San Mateo business owners promote sense of giving back with products 

At San Mateo's Reach and Teach store on 25th Avenue, just about everything for sale has a story.

Shelves are chock-full of educational toys, inspirational books, handmade cards and fair-trade specialty items. A soothing waterfall creates a peaceful ambiance.

Vibrant scarves from Guatemala, for example, benefit impoverished women and children through their sales, while proceeds from gluten-free snack bars help children in need. Other unusual items include wallets from New York made from recycled bicycle tubes,and turtle pull toys from India that are colored with spices instead of paint.

In recognition of the innovative creations that fill their store, Derrick Kikuchi and Craig Wiesner won the Sustainable San Mateo Award this year. With seemingly every item at Reach and Teach having a relation to issues such as sustainable living, world peace or gender equality, some locals call the cozy oasis "a store with heart."

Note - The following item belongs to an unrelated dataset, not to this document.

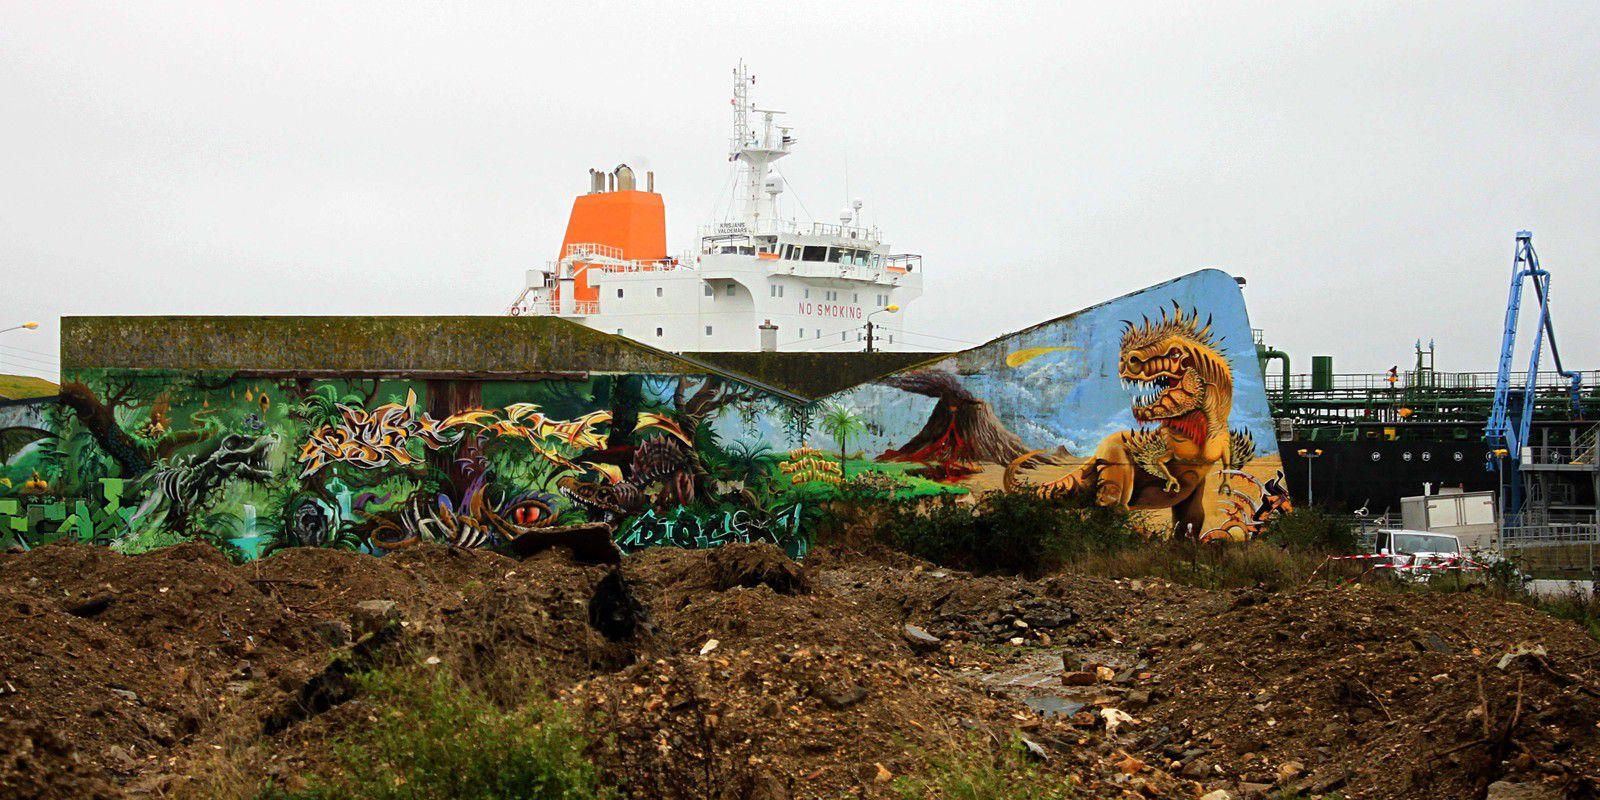 Lorient, port de commerce - Mardi 22 décembre 2020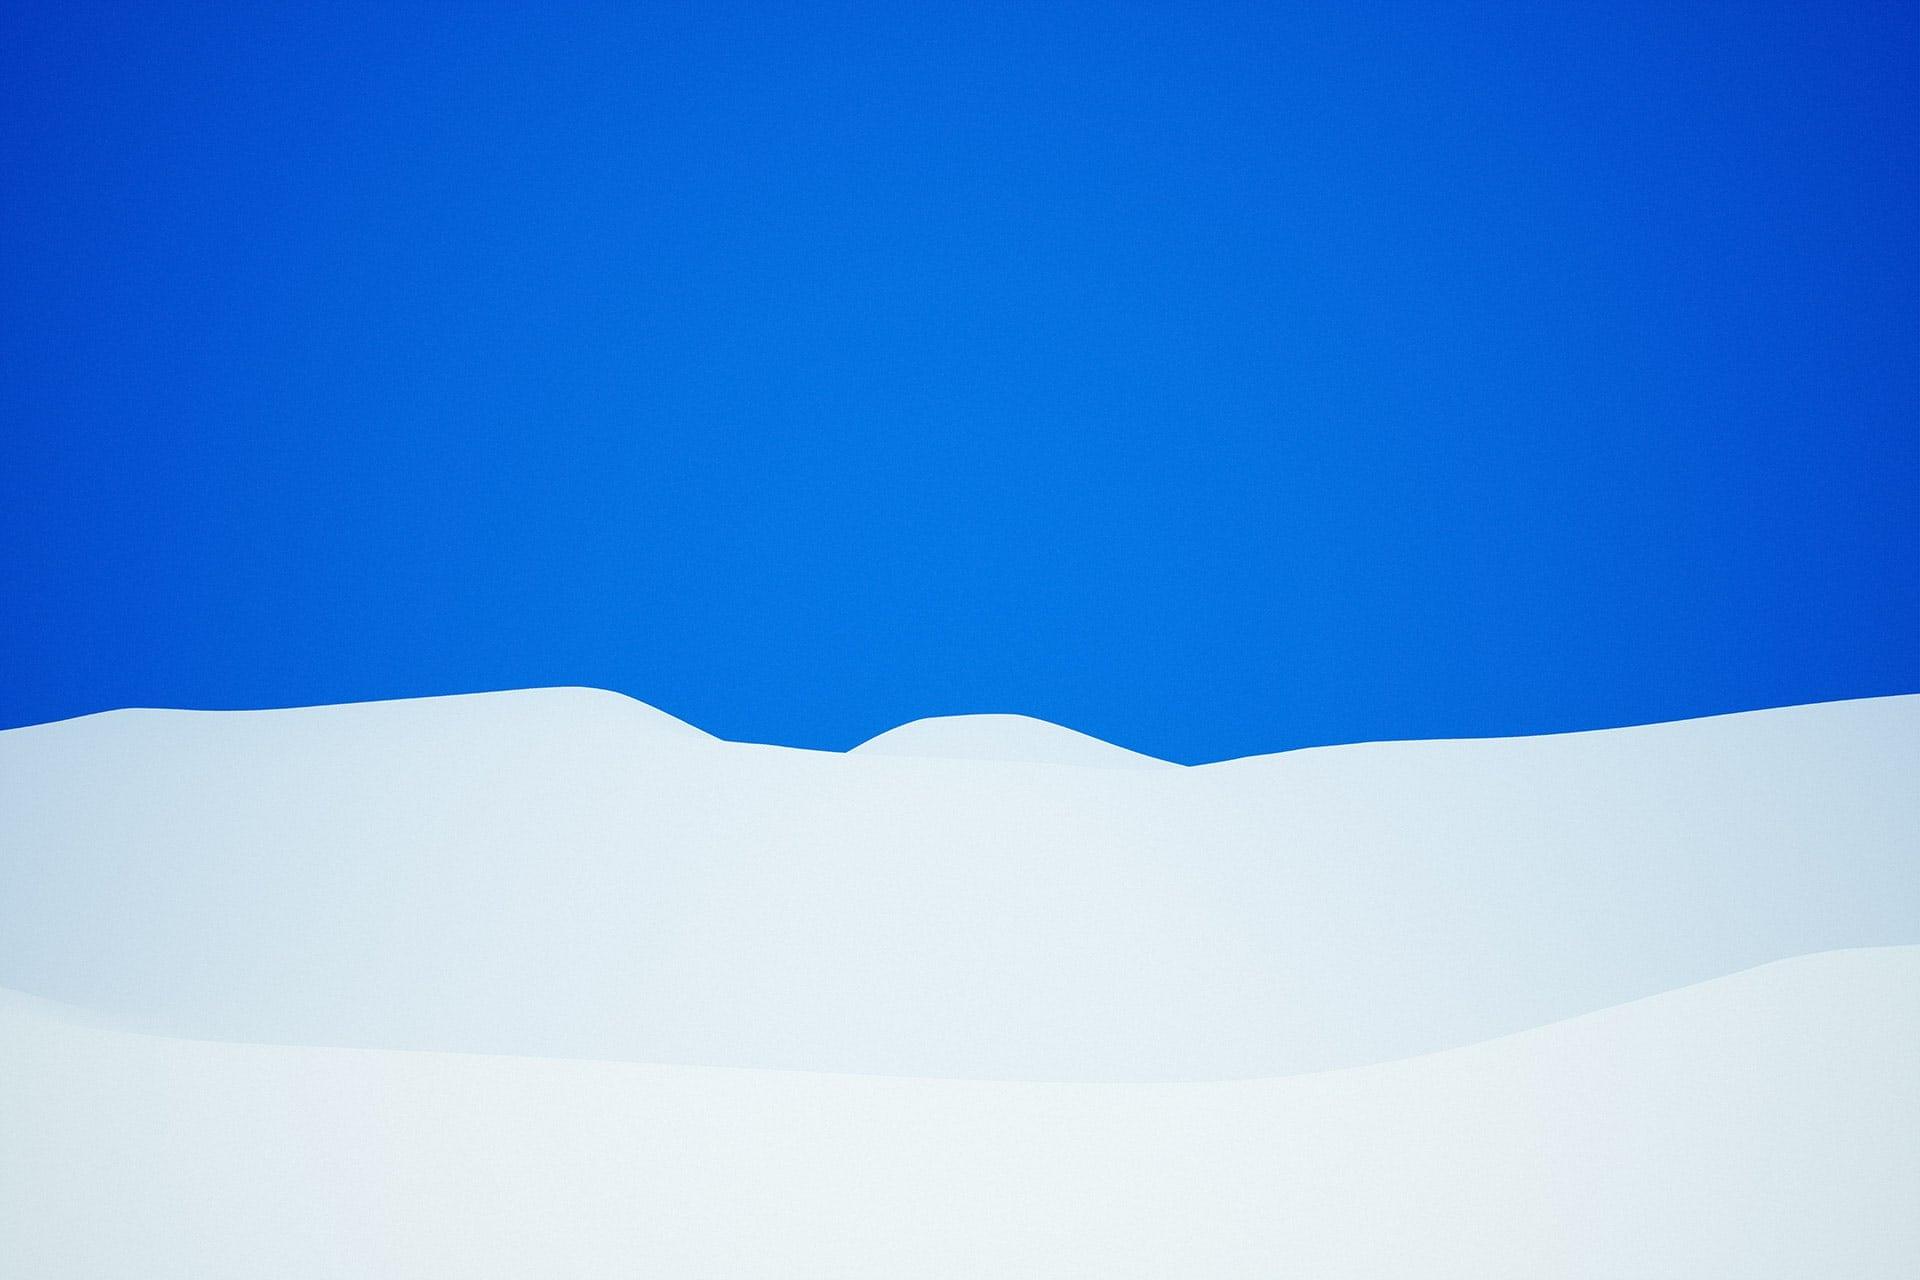 artnorama - Strata of Sand

"We are a peace and social justice learning company dedicated to transforming the world through teachable moments," Wiesner explained. "The best thing about owning Reach and Teach is watching people's eyes light up when they see something special in our shop. We know that they are getting something unique and that their purchase is making a positive difference in other people's lives."

San Mateo resident Angel Viloria, who stopped in on a recent rainy day with his 3-year-old daughter, Aeon, was quick to offer his approval. "Reach and Teach is a place where I can get something unique and interesting, with the added benefit of giving back," he said. "Aeon loves to play in here."

Wiesner and Kikuchi formerly had lucrative careers in the tech industry. However, a turning point occurred in 2000 during an eye-opening trip to El Salvador, where they listened to the stories of people who had lived through the horrors of war. In 2002, the couple visited Afghanistan.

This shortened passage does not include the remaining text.